Феотим. Уж не испорчен ли и ты, избави бог, тою же закваскою[685]?
Филекой. Успокойся, милейший мой Феотим, я с детства свято чту блаженного Франциска, в глазах мира — и неученого и немудрого, но, как мало кто иной, угодившего богу беспримерным умерщвлением мирских страстей; вместе с ним чту всех, кто, вступивши на его путь, от души старается умереть для мира и жить для Христа. Собственно, до одежды мне дела нет, но я охотно выслушаю от тебя, какая польза мертвецу от одежды.
Феотим. Ты ведь знаешь, господь запретил бросать жемчуг перед свиньями и давать святыню псам. Если ты расспрашиваешь потехи ради, ничего от меня не узнаешь, если по искренней любознательности — охотно поделюсь с тобою тем, что сам узнал от монахов.
Филекой. Обещаюсь быть учеником и внимательным, и толковым, и благодарным!
Феотим. Во-первых, как тебе известно, есть люди до того тщеславные, что им мало прожить всю жизнь в надменности и чванстве, — им непременно нужен показной блеск и после смерти, на похоронах. Правда, тогда они уже ничего не чувствуют, но еще при жизни, силою воображения, предвкушают грядущую пышность и заранее ликуют. Как об этом ни суди, а все-таки, я думаю, ты не станешь спорить, что в отречении от страсти уже есть доля благочестия.
Филекой. Согласен, но только в том случае, если погребальной спеси нельзя избежать никаким иным способом. А мне кажется более скромным, если умершего князя окутывают дешевым саваном и простые веспиллоны хоронят его на обыкновенном кладбище, среди тел простолюдинов. А кого погребают так, как Евсевия, те, мне кажется, не избавились от спеси, а просто переменили одну на другую.

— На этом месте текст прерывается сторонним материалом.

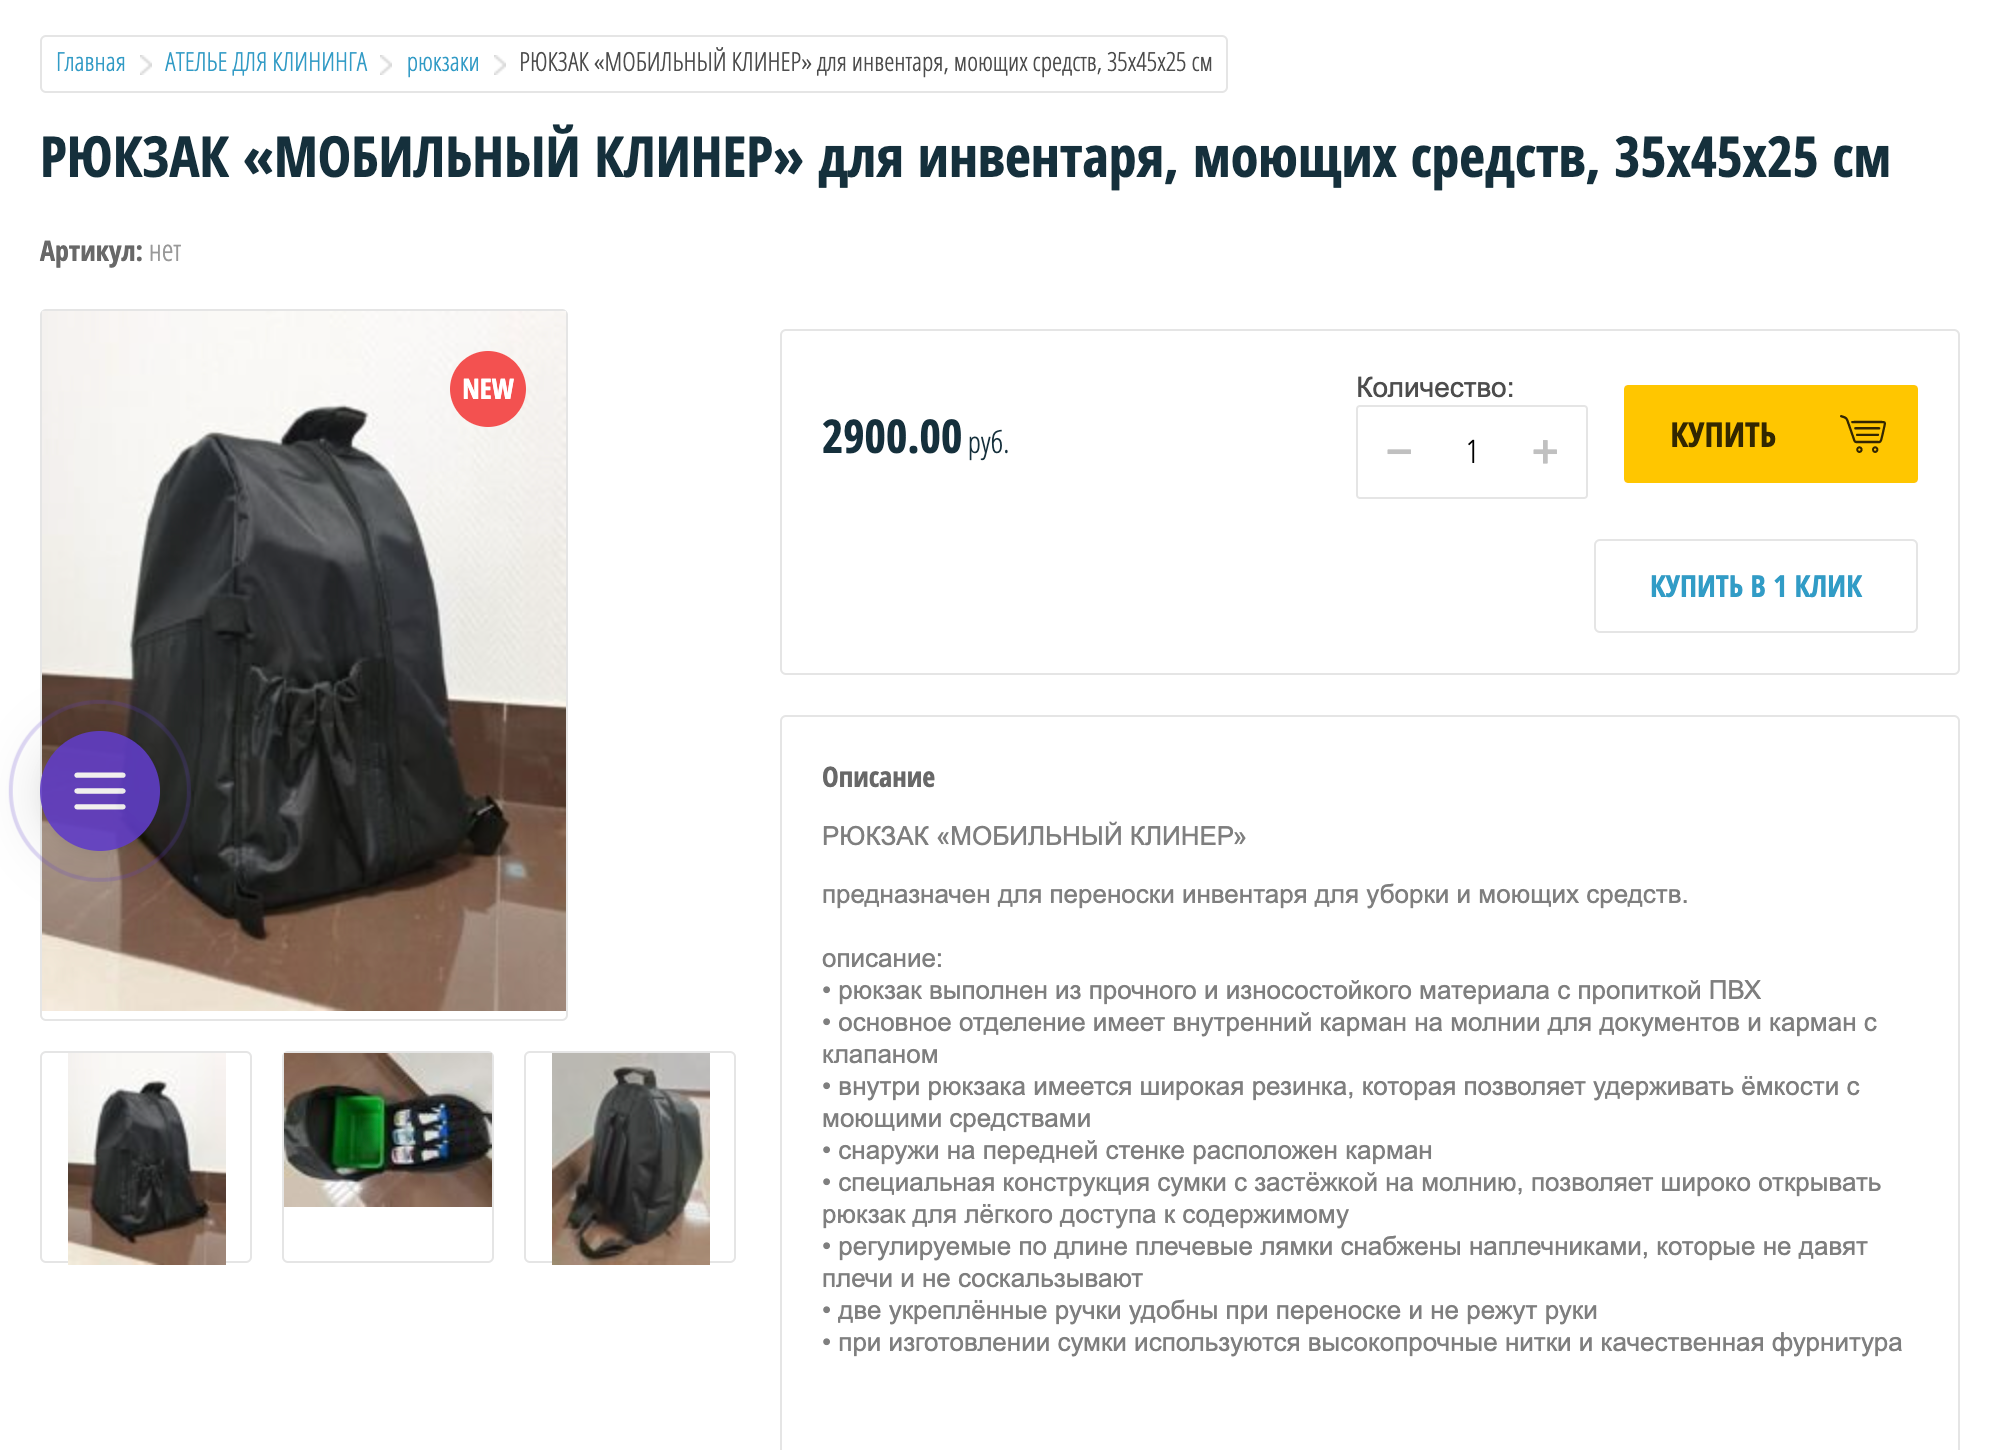 В специальном рюкзаке химия хранится вертикально, чтобы ничего не протекло. Стоимость таких рюкзаков-сумок начинается от 2900 ₽. Источник: broommarket.ru

Феотим. Все, что делается с добрым намерением, угодно богу, а судить человеческое сердце — лишь в божией власти. Впрочем, я привел только первый, И потому легковесный довод; есть и другие, более весомые.
Филекой. Какие?
Феотим. Умирающие принимают устав снятого Франциска…
Филекой. Для того, чтобы исполнять его в Елисейских полях!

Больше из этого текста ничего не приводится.